# mail



## ajbrehm (Jun 6, 2021)

I noticed that the mail command doesn't work, that is does not send mails or see sent mails.

Have I missed some configuration during the install? I expected it just to work locally like it did with NetBSD.

I.e. mail root and a subject and some text does not send a mail to root and neither does it work between other users. I am not talking about network mail, just local.

What am I doing wrong?


----------



## SirDice (Jun 6, 2021)

Did you perhaps disable sendmail during the install?


----------



## ajbrehm (Jun 6, 2021)

Just did a plain install without settings anything (except timezone and root password) and mail doesn't work.

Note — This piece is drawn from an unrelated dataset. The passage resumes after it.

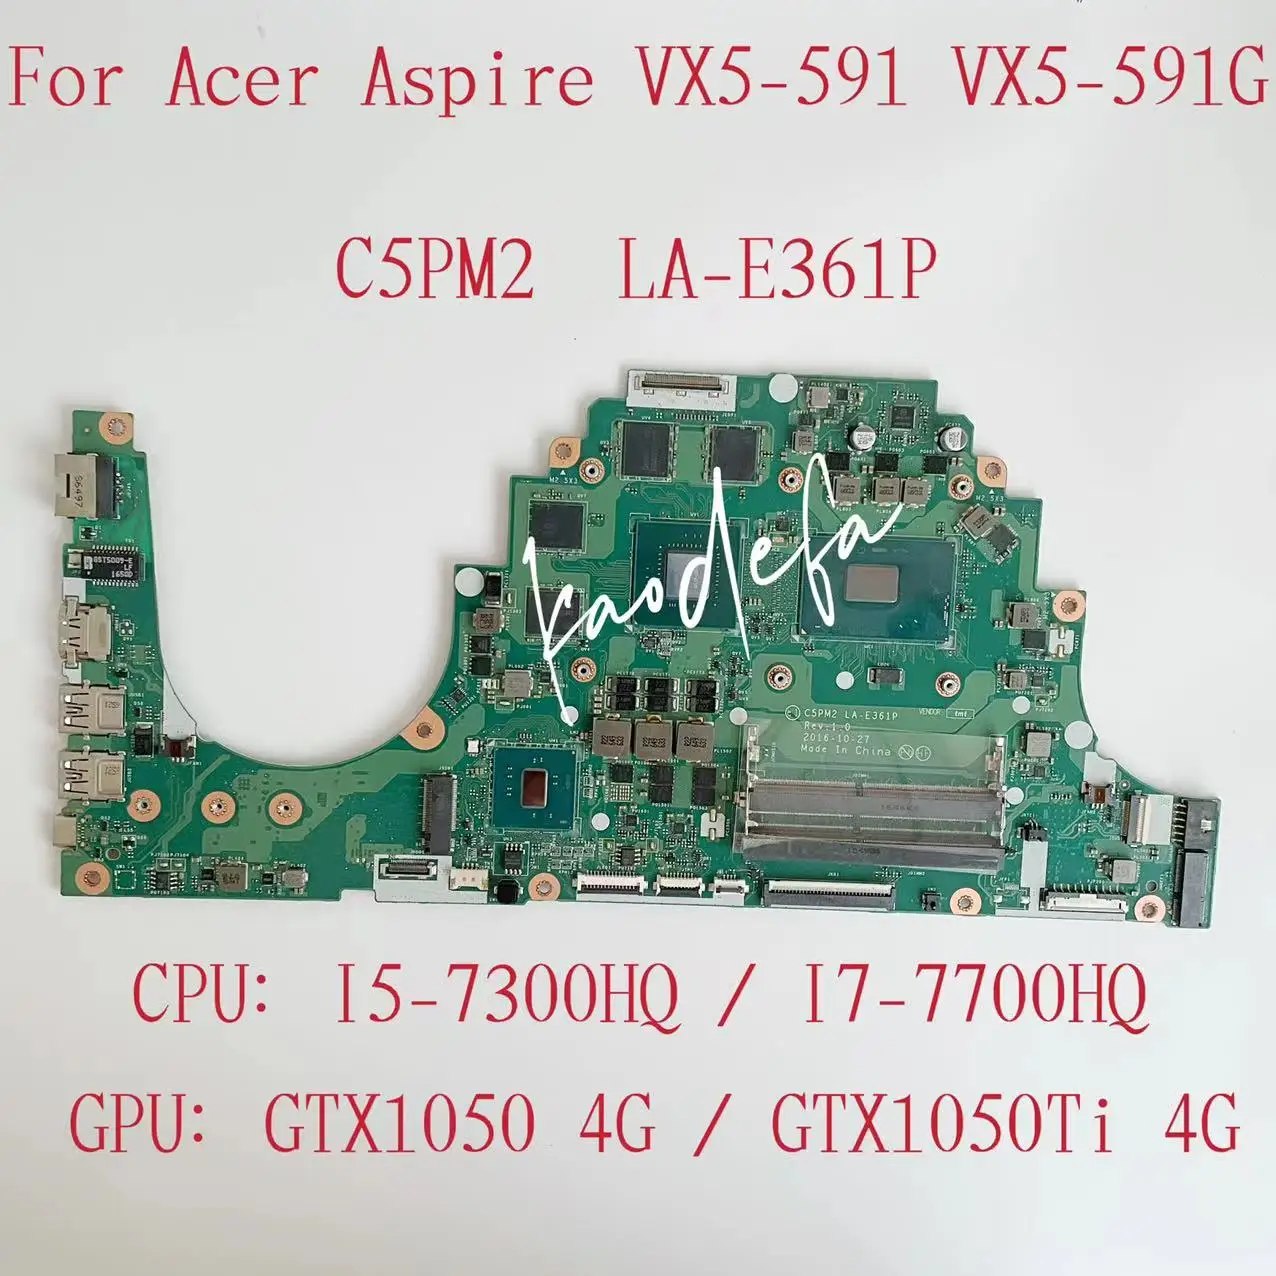 C5PM2 LA-E361P Boîte principale pour Acer Aspire VX5-591 Ordinateur d'ordinateur portable CPU I5-7300HQ / I7-7700HQ GPU: GTX1050 / 1050Ti 4G Test OK

Why would sendmail be needed for local mail? I thought sendmail was for sending mail to other hosts?

Anyway, I tried enabling sendmail on another FreeBSD VM and after a reboot local mail still didn't work.


----------



## ajbrehm (Jun 6, 2021)

For sendmail to work I had to add the hostname to /etc/hosts. Maybe this was done by the installer on NetBSD and that's why it worked there.

I hope that was the only issue that was causing this behavious.


----------



## SirDice (Jun 6, 2021)

ajbrehm said:


> Why would sendmail be needed for local mail?


How do you think mail works?


ajbrehm said:


> For sendmail to work I had to add the hostname to /etc/hosts.


Shouldn't be needed, but it does beg the question, did you set a hostname in /etc/rc.conf?


----------



## ajbrehm (Jun 6, 2021)

SirDice said:


> How do you think mail works?



I wasn't sure. I thought local mail might be written directly into mailbox files. I thought sendmail was for sending mail to other hosts.



SirDice said:


> Shouldn't be needed, but it does beg the question, did you set a hostname in /etc/rc.conf?



I did, yes.

Anyway, it works now. Ta.


----------



## im (Jun 6, 2021)

I have a possibility to check local mail on default install of 'FreeBSD 11.1-RELEASE'.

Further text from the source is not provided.